Пять лет изловить не могли. Наконец, девка-калмычка его опоила, дунула-плюнула, черную белку кочергой зашибла, а Григория солдатам выдала теплого.
В Москве судили за татьбу, ждал каторги. Вел себя не смиренно, в яме подсадного кляузника ночью задавил цепью и на пороге бросил.
Всю чуму и бунташную неделю просидел закованный в карцере Константиновского застенка, думали, с голоду сдохнет.
Не сдох - только голову рассадил о становую балку. Волчьи сны и мысли томили его в одиночестве. Навсегда остался на лбу под волосами след-лысинка.

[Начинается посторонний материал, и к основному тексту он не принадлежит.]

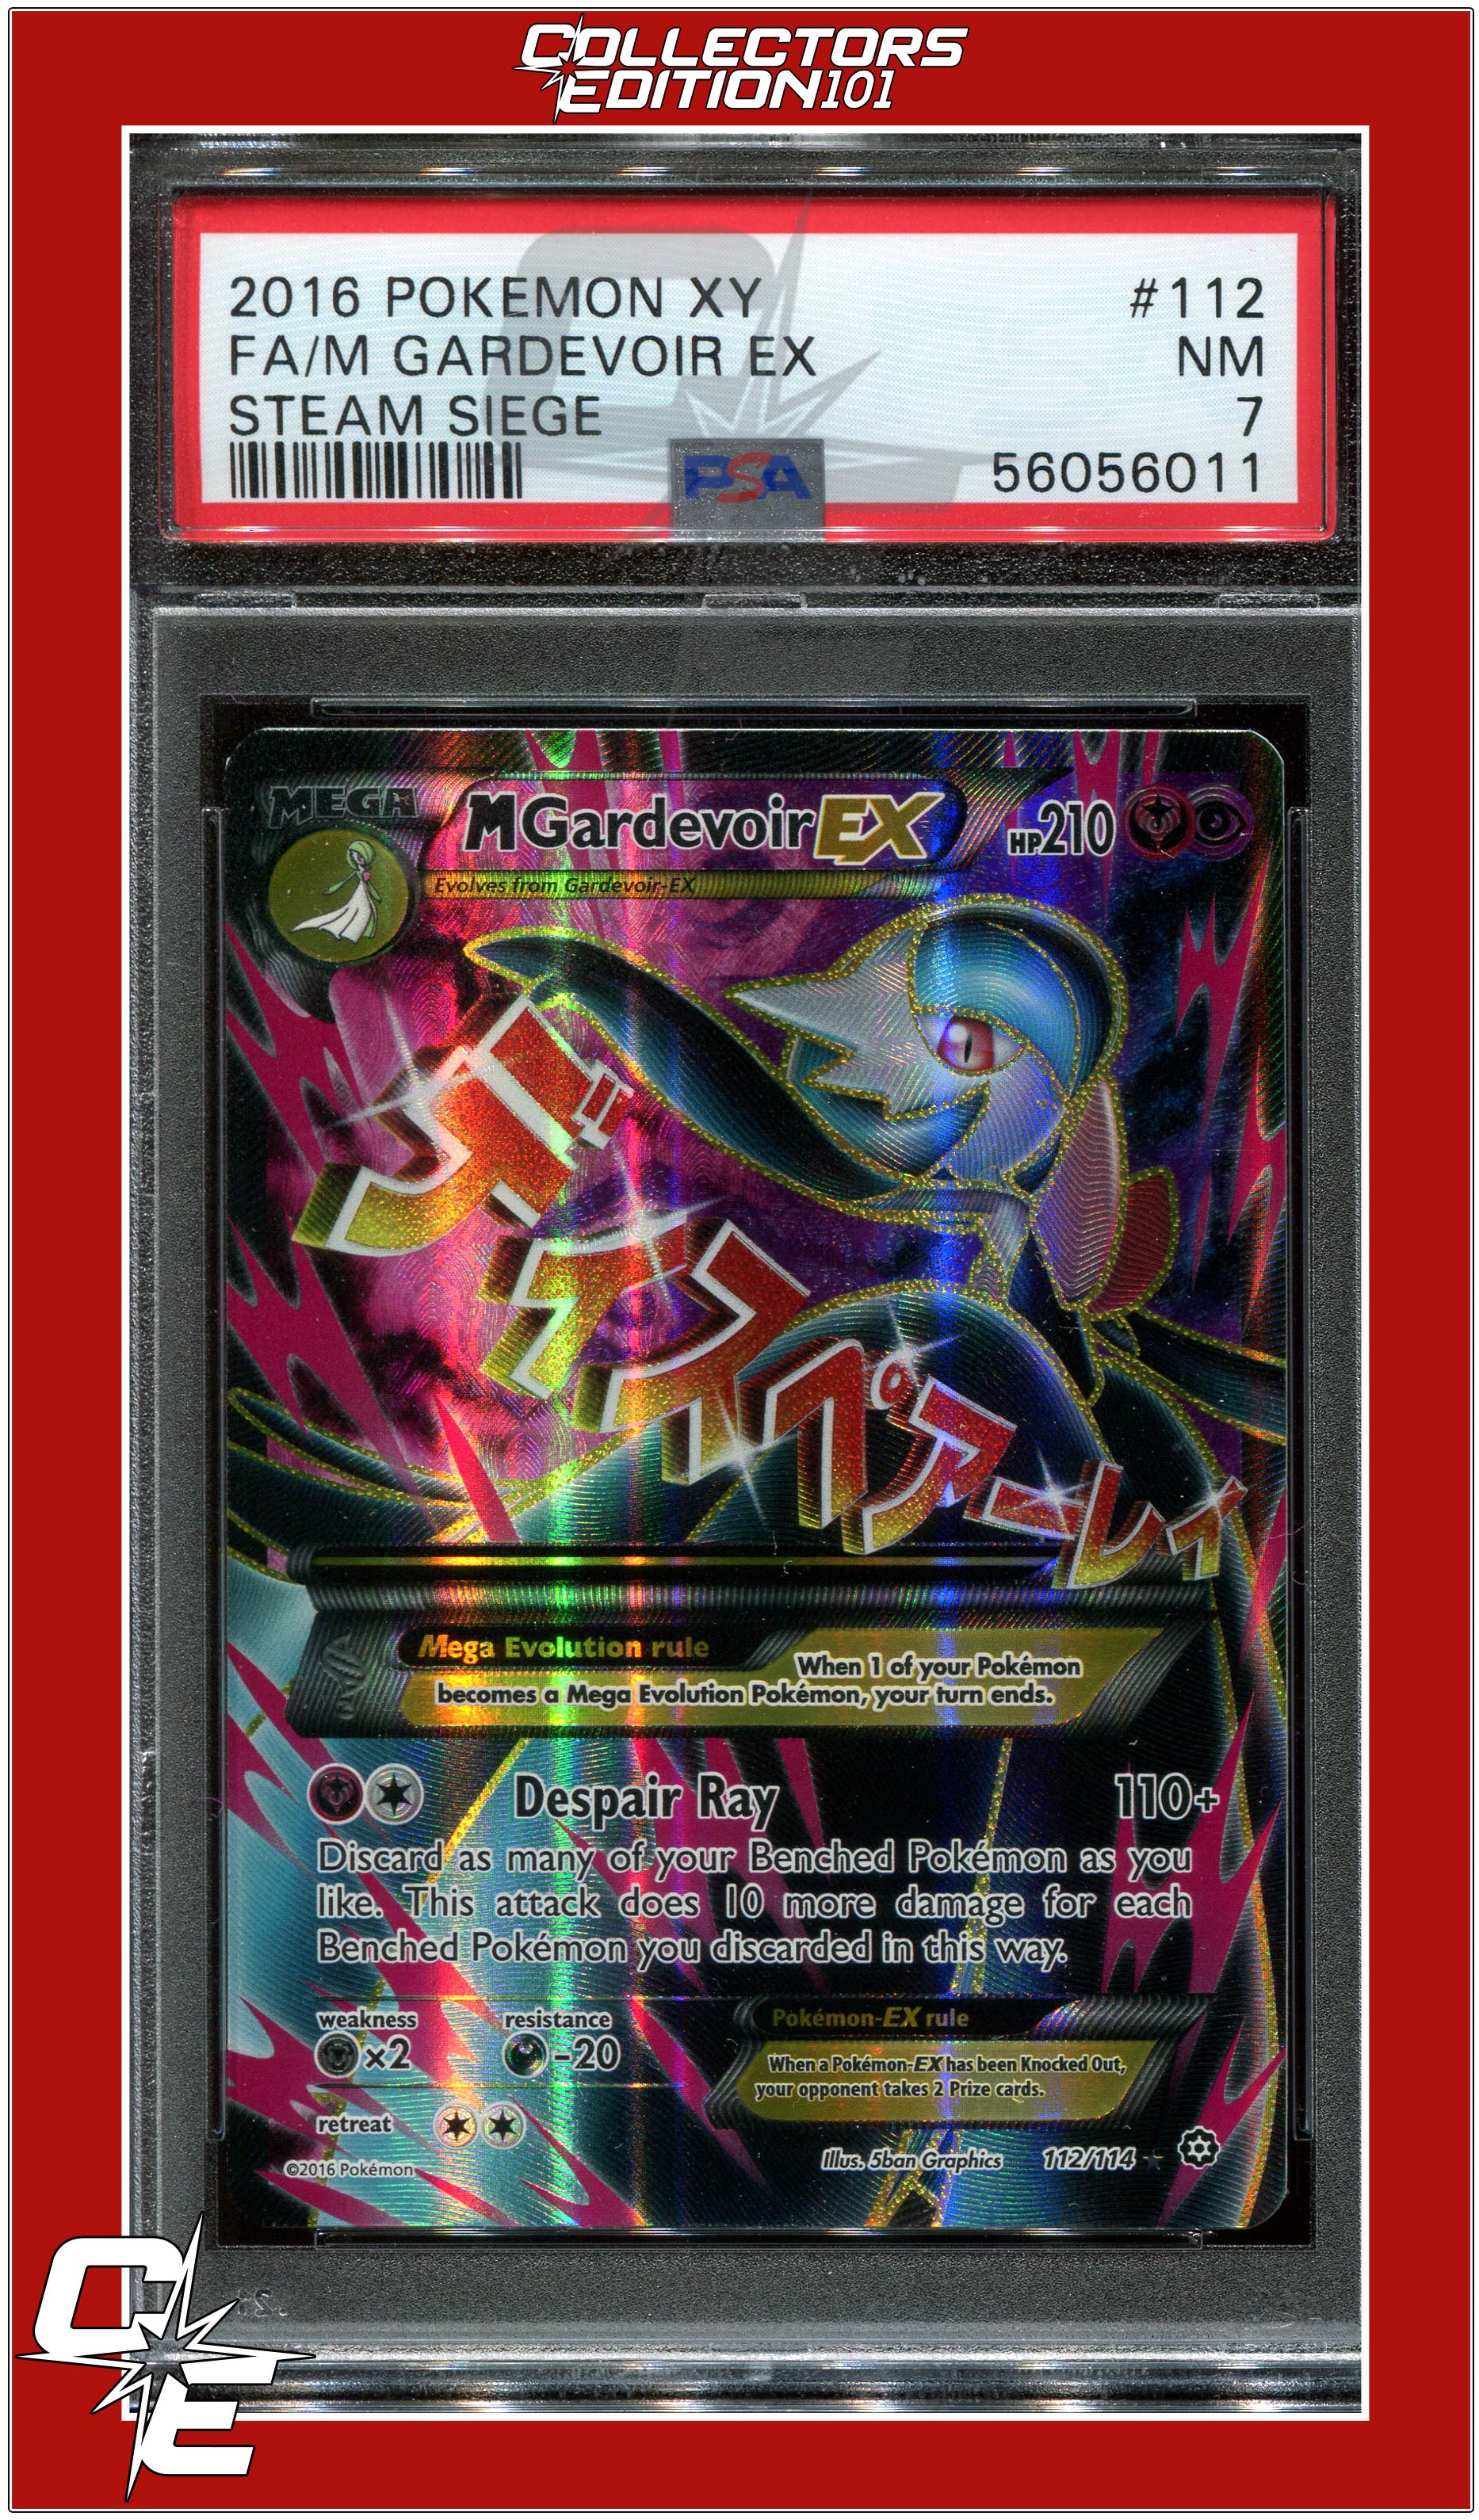 2016 MEGA GARDEVOIR EX 112/114 XY Steam Siege Pokemon Card FULL ART HOLO  NM/MINT

Никого не простил, девку-калмычку простил, потому что - дура.
После Покрова последние дома чистили, на Яузе.
По утрам утиные лужи подергивались ветвистым ледком.
Застыли в черной воде под стеклянницей листья и сорные травы.
На Яузе мертвая бедность в пустых избах спала по рундукам и лавкам. Иные за столами сидели, головы на руки сронив. В люльках младенцы лежали.
Кого куда маета смертного часования загоняла: один в запечье схоронится, другой в клеть, третий на чердачной лестнице повис, четвертый в сенях поперек порога лежит - рука в троеперстии сложенном закоченела над головой, а личико псы и крысы съели подчистую.
Сильно изгнили обитатели, на крючьях плотские куски повисали. Мортусы работали сменами, даже ночью. Когда выносили, кони от зловония постромки рвали, приседали с визгом и храпом.
Звали Гришу - утешать лошадей. Он, бывало, петушиное слово шепнет - стояли, как пришитые, только зубы скалили и шкурой в пашине дрожали.
На пустых улицах пьяные мортусы говорили тихо, во дворы входили, перекрестясь, и с поклоном испросив прощения у хозяев.
Зачем вы, архары черные, явились, зачем наши души пугаете?